В американском этническом и конфессиональном котле мораль — на уровне литературы и кино — торжествует усредненно англиканская с некоторой поправкой на католическую. В католическом варианте, родственном в этом отношении православному, убийцу может спасти комплекс покаяние-искупление. Кроме того, убийца здесь — например, в рассказах Фланнери О’Коннор — порой выступает в роли демона-искусителя, призванного разоблачить нравственное ничтожество жертвы. Так — в литературе; а кинематограф развивается всецело под знаком англиканской морали. Англиканская же мораль — и, не в последнюю очередь, британское правосудие — зиждятся на представлении об абсолютной неискупимости душегубства. Вплоть до шестидесятых годов нашего века в Англии изобличенных убийц вешали независимо от наличия каких бы то ни было смягчающих вину обстоятельств. Кроме, понятно, тех случаев, когда убийство совершалось на законных основаниях. Гвардеец из «Баллады Редингской тюрьмы» убил возлюбленную в состоянии аффекта, но он убил ее — и, следовательно, его ждала виселица.

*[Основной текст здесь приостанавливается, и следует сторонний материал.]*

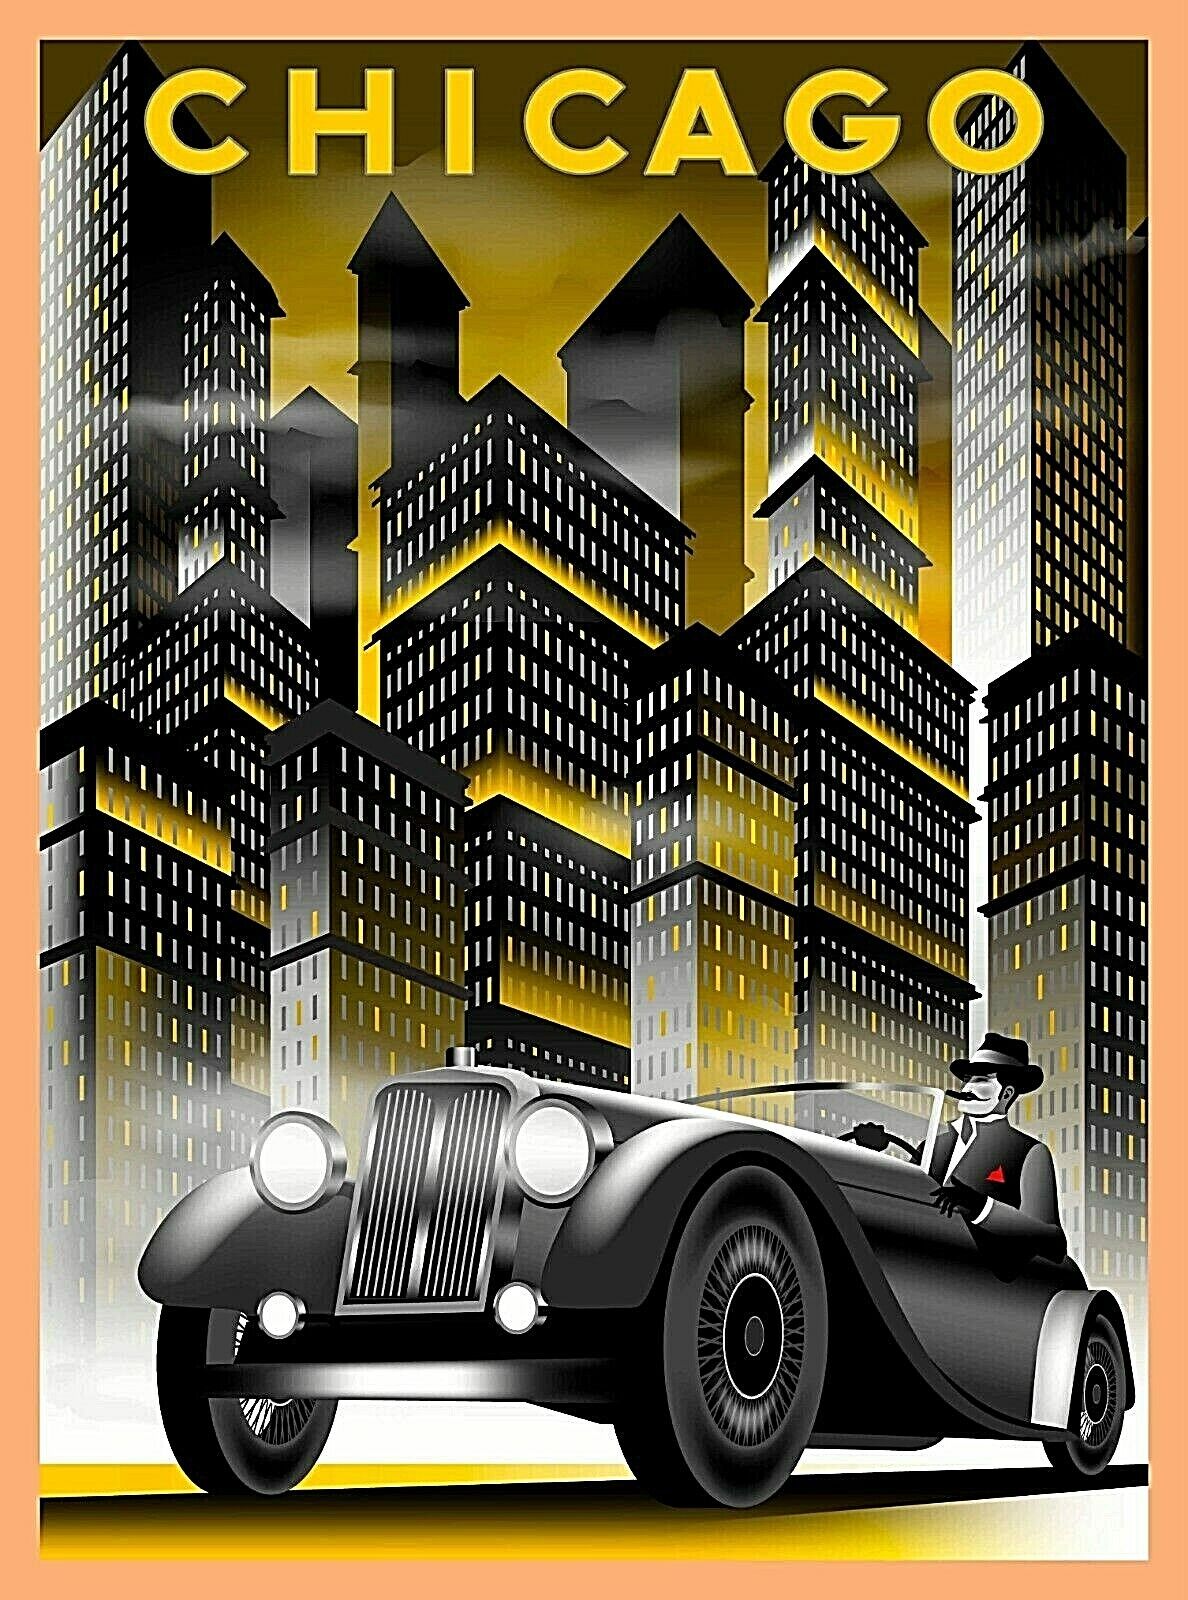 Chicago Illinois Car & Buildings Retro Travel Art Deco Poster Print

В Америке — а потом уж и в американском искусстве — с этой проблемой ухитрились сладить, расширив и размыв границы зоны «законного убийства». Самосуд (суд Линча) это не убийство, а казнь; ковбойский поединок — это не убийство, а «демократическая дуэль», и так далее. И все-таки: «хороший парень» мочит «плохого парня» только в порядке самозащиты или защиты третьих лиц. А если игнорирует подобные ограничения, то и сам ни в коем случае не доживает до финала. Лишь собственная гибель позволяет ему остаться в глазах читателя или зрителя «хорошим парнем», невзирая на допущенные ошибки. Правда, и «плохого парня» никак нельзя оставить в живых — отсюда и стандартная, сотни раз повторенная ситуация: уже пойманный и чаще всего обезоруженный преступник в последний момент делает некое угрожающее движение, позволяющее «хорошему парню» убить его за милую душу и с чистой совестью. Причем, чистая совесть здесь даже не так важна, как последующая безнаказанность, вытекающая из отсутствия моральных претензий к победоносному герою.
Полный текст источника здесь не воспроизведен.